An einem Freitag soll man nicht auslaufen ….. wir machen es trotzdem. Gegen den Rat meines Bauches, gegen besseres Wissen, gegen die Windvorhersage und gegen die Erfahrungen eines amerianischen Seglers, der reumütig nach Cartagena zurück gekehrt ist. Und das, obwohl er den Wind eher achterlich hatte, auf dem Weg nach Panama.

Sonnig ist, aus der Bucht geht es noch mit kaum Wind und ohne Segel. Die setzen wir erst kurz bevor wir die Bucht von Cartagena verlassen. Fast wären wir schon an der Jungfrauenstatue gescheitert - wenn man rot und grün verwechselt und nicht weiss, an welcher Seite welche Tonne bleiben muss ….  ich schiesse aus dem Niedergang raus, korrigiere und atme auf. Nix passiert. Mann, Mann, Mann, das kann ja was werden!

Erstmal wird es gut. Unter Gross und Genua geht es flott vorwärts, wir freuen uns über das schöne Segeln. Dann aber legt der Wind - huch, genau wie vorher gesagt - zu.  Fürs Reffen ist es irgendwie schon ein klein wenig zu spät. Die Genua rächt sich. Bzw. die Rollanlage. Die rollt den grossen Lappen nämlich nicht mehr ordnungsgemäss ein. Am Bug bauscht sich das Segel um die Rollanlage und schlägt infernalisch im Wind. Irgendwann gibt der Stoff nach und es flappt nur noch dezent. Trotzdem schwingt der Mast wie wir es bislang noch nie gesehen haben und uns wird angst und bange. Kommt uns jetzt der Mast runter???? Das Gross wird gerefft, einige unfreiwillige Halsen hauen uns die Grosschotblöcke samt Endbeschläge der Schiene um die Ohren, dass es nur so kracht. Ich bin auch am Ende, mit den Nerven. Und das nach nur wenigen Stunden Segelei. Sooo hatte ich mir das irgendwie nicht vorgestellt.

Unter Deck sieht es wüst aus. Das Atlantikwasser findet seinen Weg durch kleinste Öffnungen und Ritzen, flutet Polster und sonstiges Innenleben. Dazu schwappt Wasser in der Bilge und das Schiff bockt durch die Wellen wie ein wilder Mustang. Toilette gehen? Kein Denken dran!

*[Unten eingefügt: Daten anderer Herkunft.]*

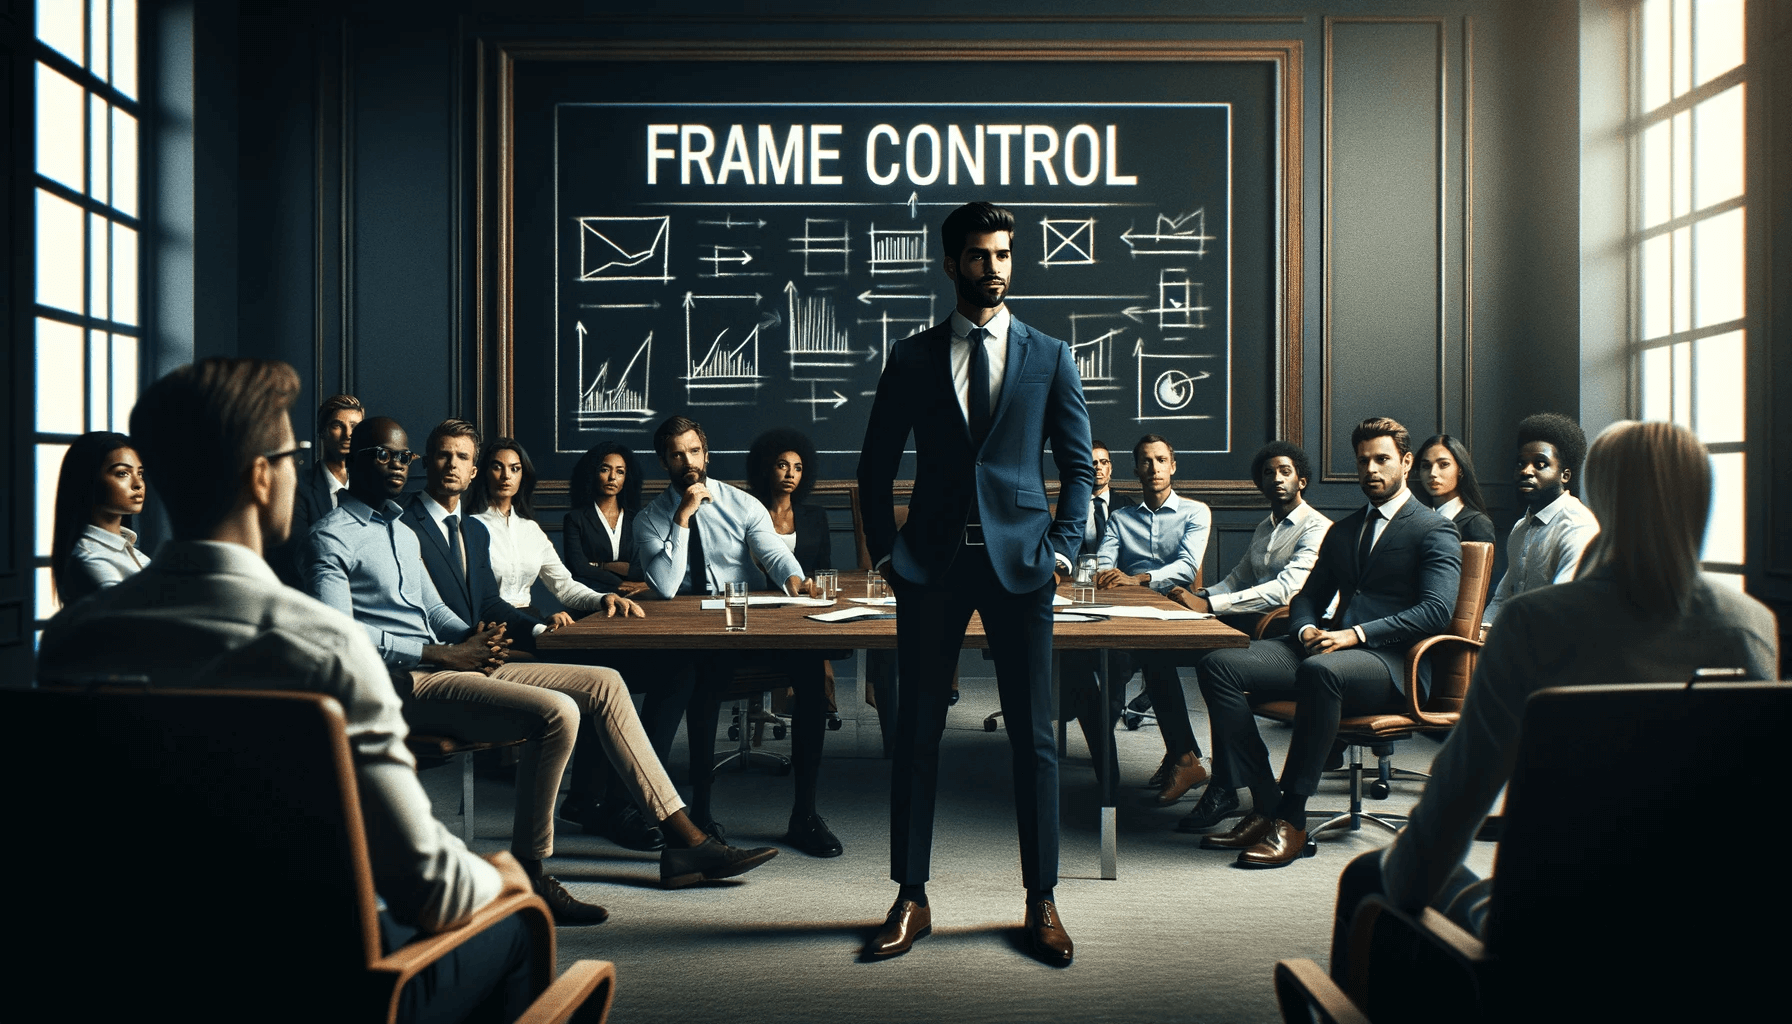 The Art of Frame Control: Techniques to Establish Authority and Influence in any Situation

Relativ schnell steht fest: Jamaica können wir definitiv nicht anlaufen. Die Cayman Islands vielleicht?? Auch das erscheint nicht sehr erfolgversprechend, bringt keine Verbesserung der Gesamtsituation. Also Providencia? Das könnte gehen. Wir fallen ab, es kommt Ruhe ins Schiff, die Wellen hauen nicht mehr übers Deck, die Gesamtlage sowie die Gemüter beruhigen sich.

Nach 3 Tagen kommt Providencia in Sicht. Unter Motor laufen wir in der Nacht auf Montag hinter der Insel entlang, begleitet vom infernalischen Quiettschen der Ruderanlage. „Wo kommt die Musik her“ - bei einer Kursänderung ändert sich auch die Quietschfrequenz. Mein Kopf steht kurz vorm platzen. Nehmen unsere Pannen denn gar kein Ende?? Wir  tasten uns in die Ankerbucht und lassen erleichtert den Anker fallen. Weit hinten, vorne wird es schnell flach und im Dunkeln trauen wir uns auch nicht weiter nach vorne. Außer uns leuchten noch 4 Ankerlichter. Wie herrlich ruhig liegen wir hier. Nichts quietscht und zerrt mehr, das Vorsegel wird etwas gebändigt und am nächsten Tag dann mühevoll gegen die Fock ausgetauscht. Aber das ist ein anderer Bericht.

Die erste Etappe haben wir hinter uns. Aber zu welchem Preis? Ein Zurück gibt es für uns aber auch nicht mehr. Also Augen zu und durch! Oder wie meint mein Sohn so treffend: “Jetzt müsst ihr halt die Arschbacken zusammen petzen und durchhalten”. Genau.